Two films, two views of filmmaking—and of film’s relationship to memory. Not two philosophies or programs, but two views, arising spontaneously from very different sensibilities. One of the filmmakers, Steven Spielberg, is among the most successful in the history of Hollywood; the other, Charlotte Wells, is still at the beginning of her career, but her focus is already clear, and it is very different from his.

Spielberg’s The Fabelmans opens with a young boy’s introduction to the power of cinema. His face bathed in the projector’s flickering glow, Sammy Fabelman watches the climax of The Greatest Show on Earth, his mouth wide with awe as a pair of criminals crash into a Barnum & Bailey train, sending their convertible flying. It’s a quintessential piece of Spielbergian Americana: the collision of technology and art sparking wonderment in the mind of a child.

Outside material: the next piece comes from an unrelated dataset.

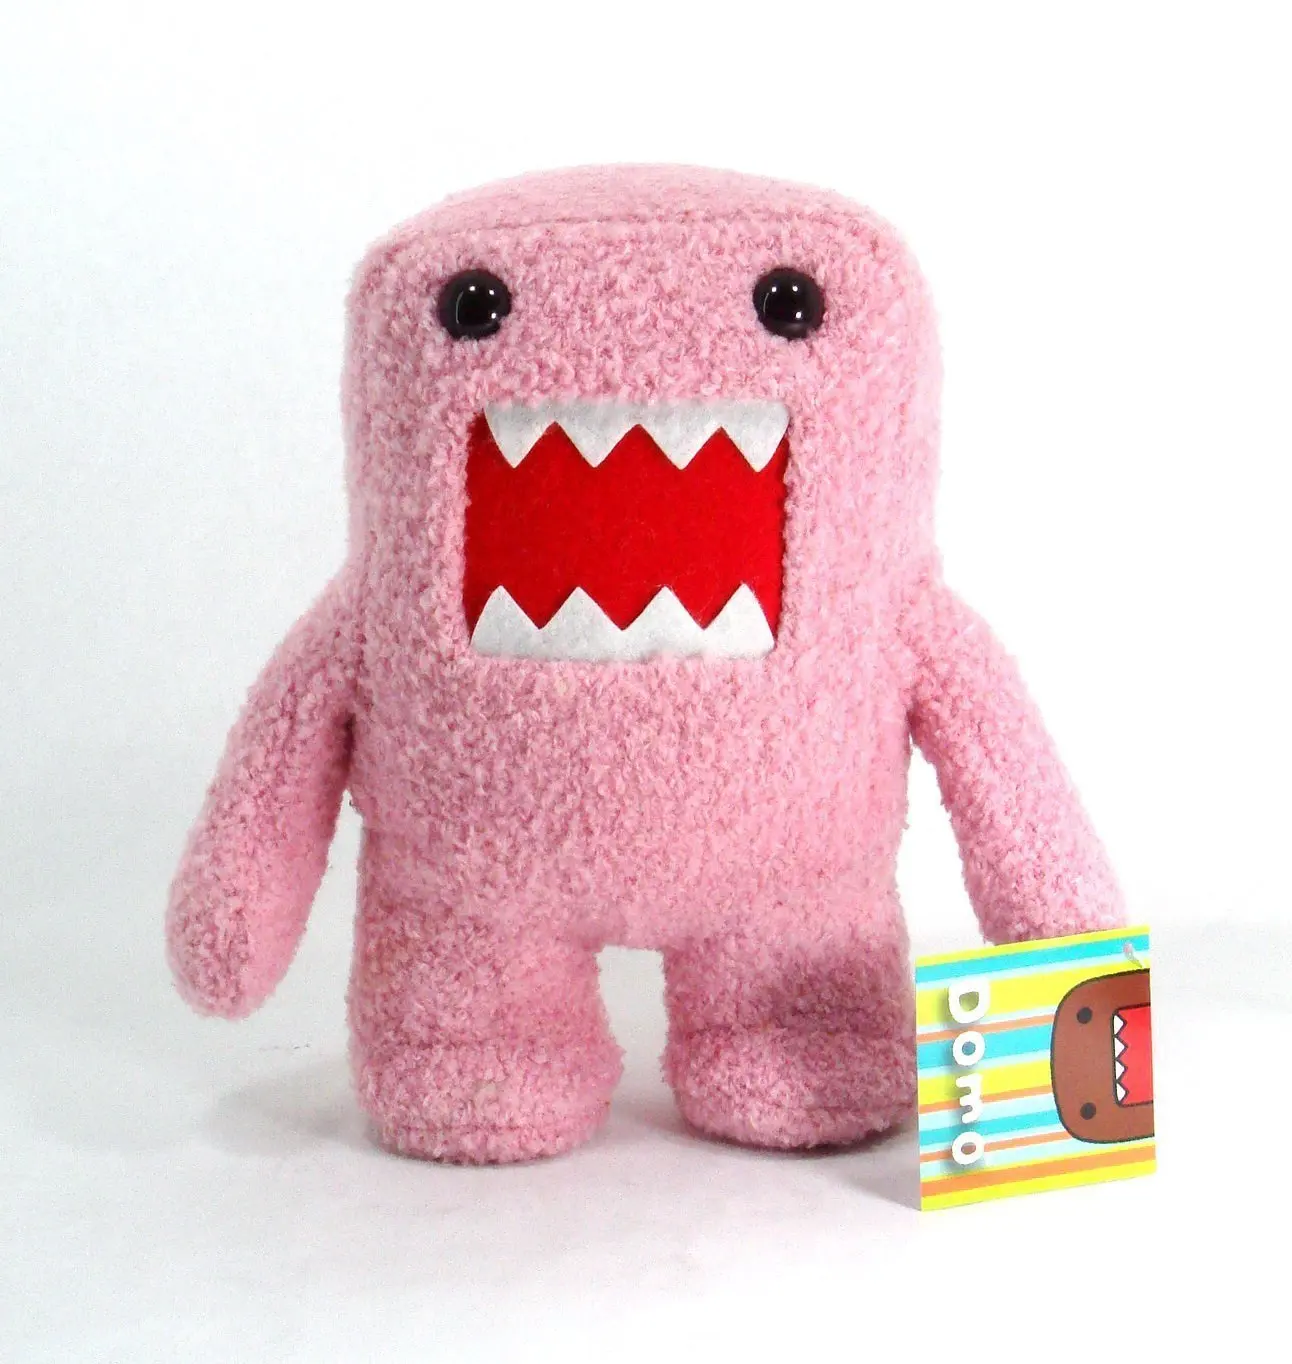 Cheap pink domo plush, find pink domo plush deals on line at Alibaba.com.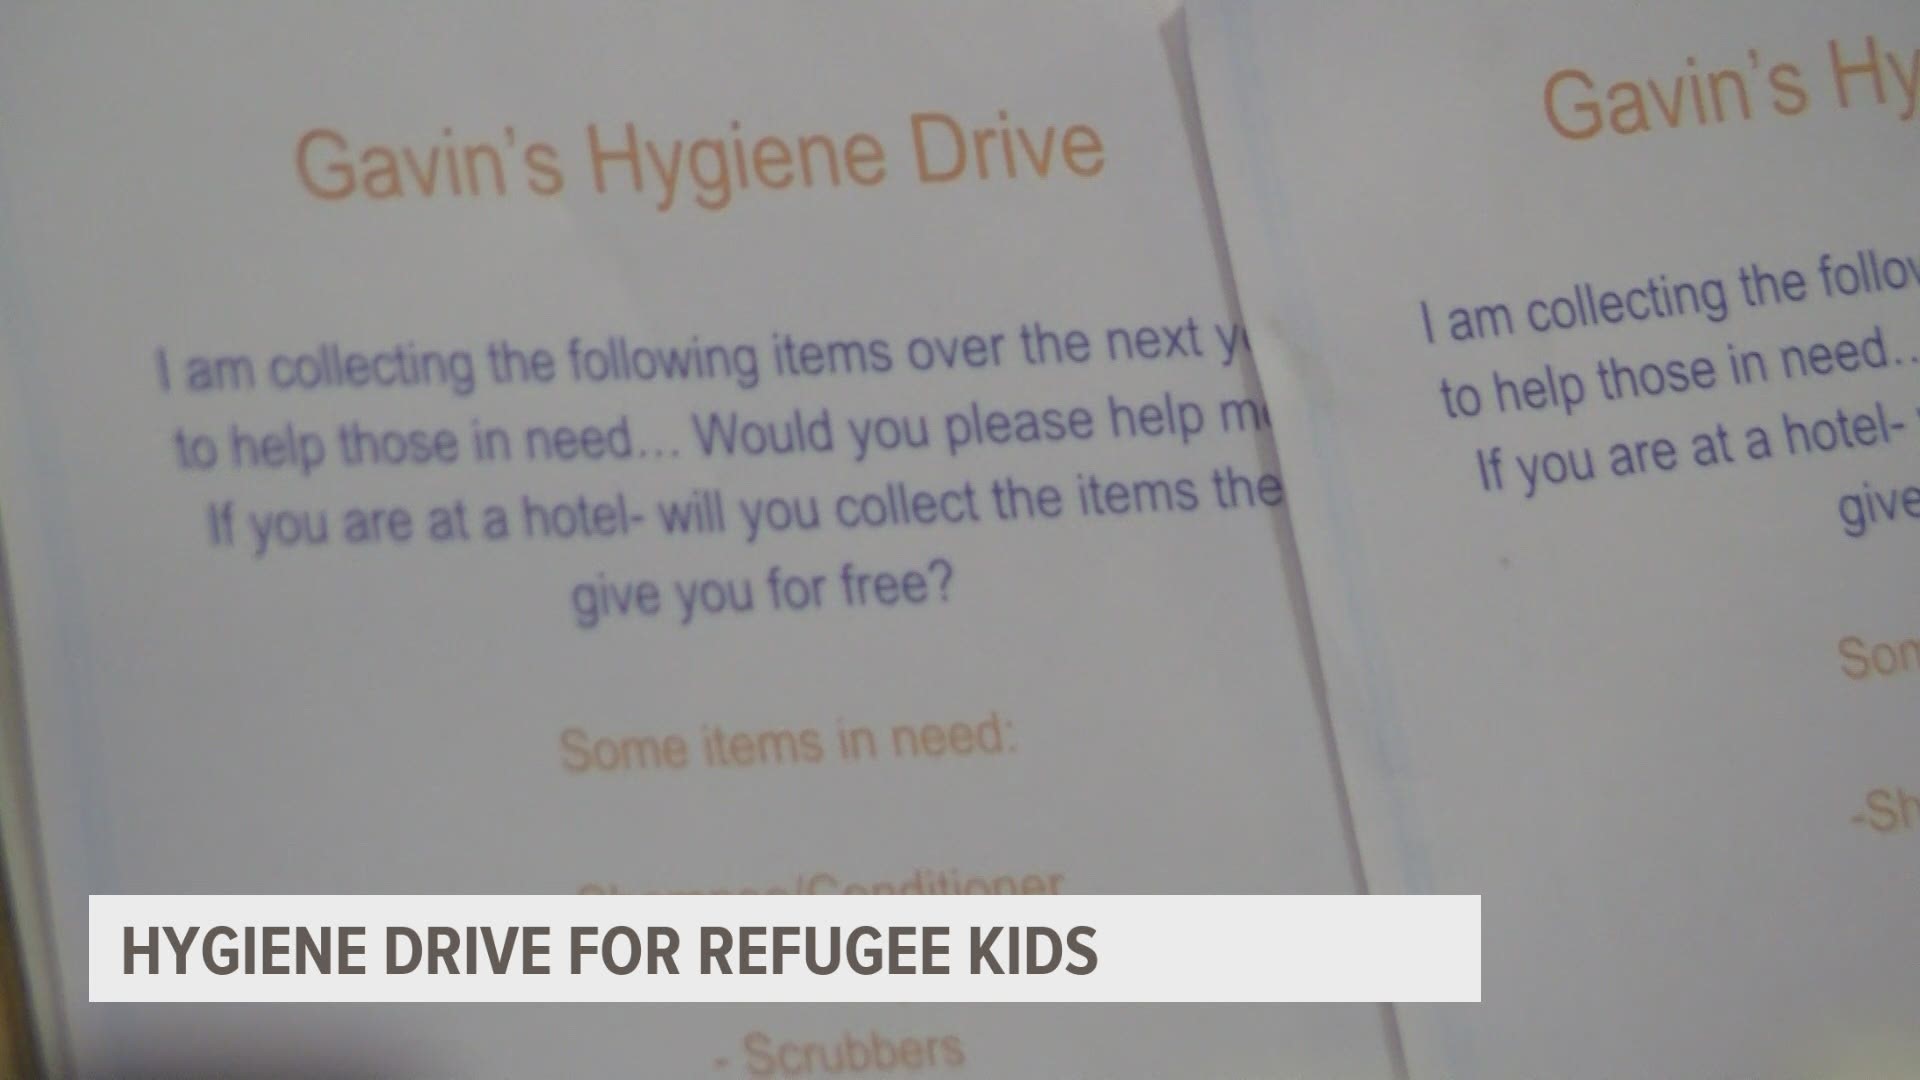 Gavin Anderson is collecting products for his hygiene drive to give back to refugee kids in need. He's looking for community support to help him reach as many kids.

This, anyway, is how the film’s disastrous marketing campaign presents the scene. Because, in fact, young Sammy isn’t impressed or inspired, much less awestruck: he’s terrified at the violence at the heart of the spectacle, the ease with which human life can be discarded, smashed, reduced to nothing for entertainment. When his father (Paul Dano) gives Sammy a train for Hanukkah, he almost breaks it as he reenacts the crash scene in the movie. It takes his mother, Mitzi (Oscar-nominated Michelle Williams) to recognize that he’s trying to take control of his fear by recreating it, as if he might contain the horror by holding it in his hands. So she offers him a compromise: if they film the crash with his father’s camera, Sammy can reenact it as often as he likes, no damage required. His home movie is full of cuts and perspective shifts, a tiny spectacle in its own right. He contains his terror by transforming it into art.

Which is also to say: into entertainment. Spielberg is our master entertainer, imbuing even his grimmest films with visual and narrative zip. (Not for nothing did Michael Haneke accuse Spielberg of treating the Holocaust like a horror movie.) The Fabelmans dives right into that contradiction, a film about a boy using the movies as a shield against pain, and a film that uses all of cinema’s tricks to delve into that pain.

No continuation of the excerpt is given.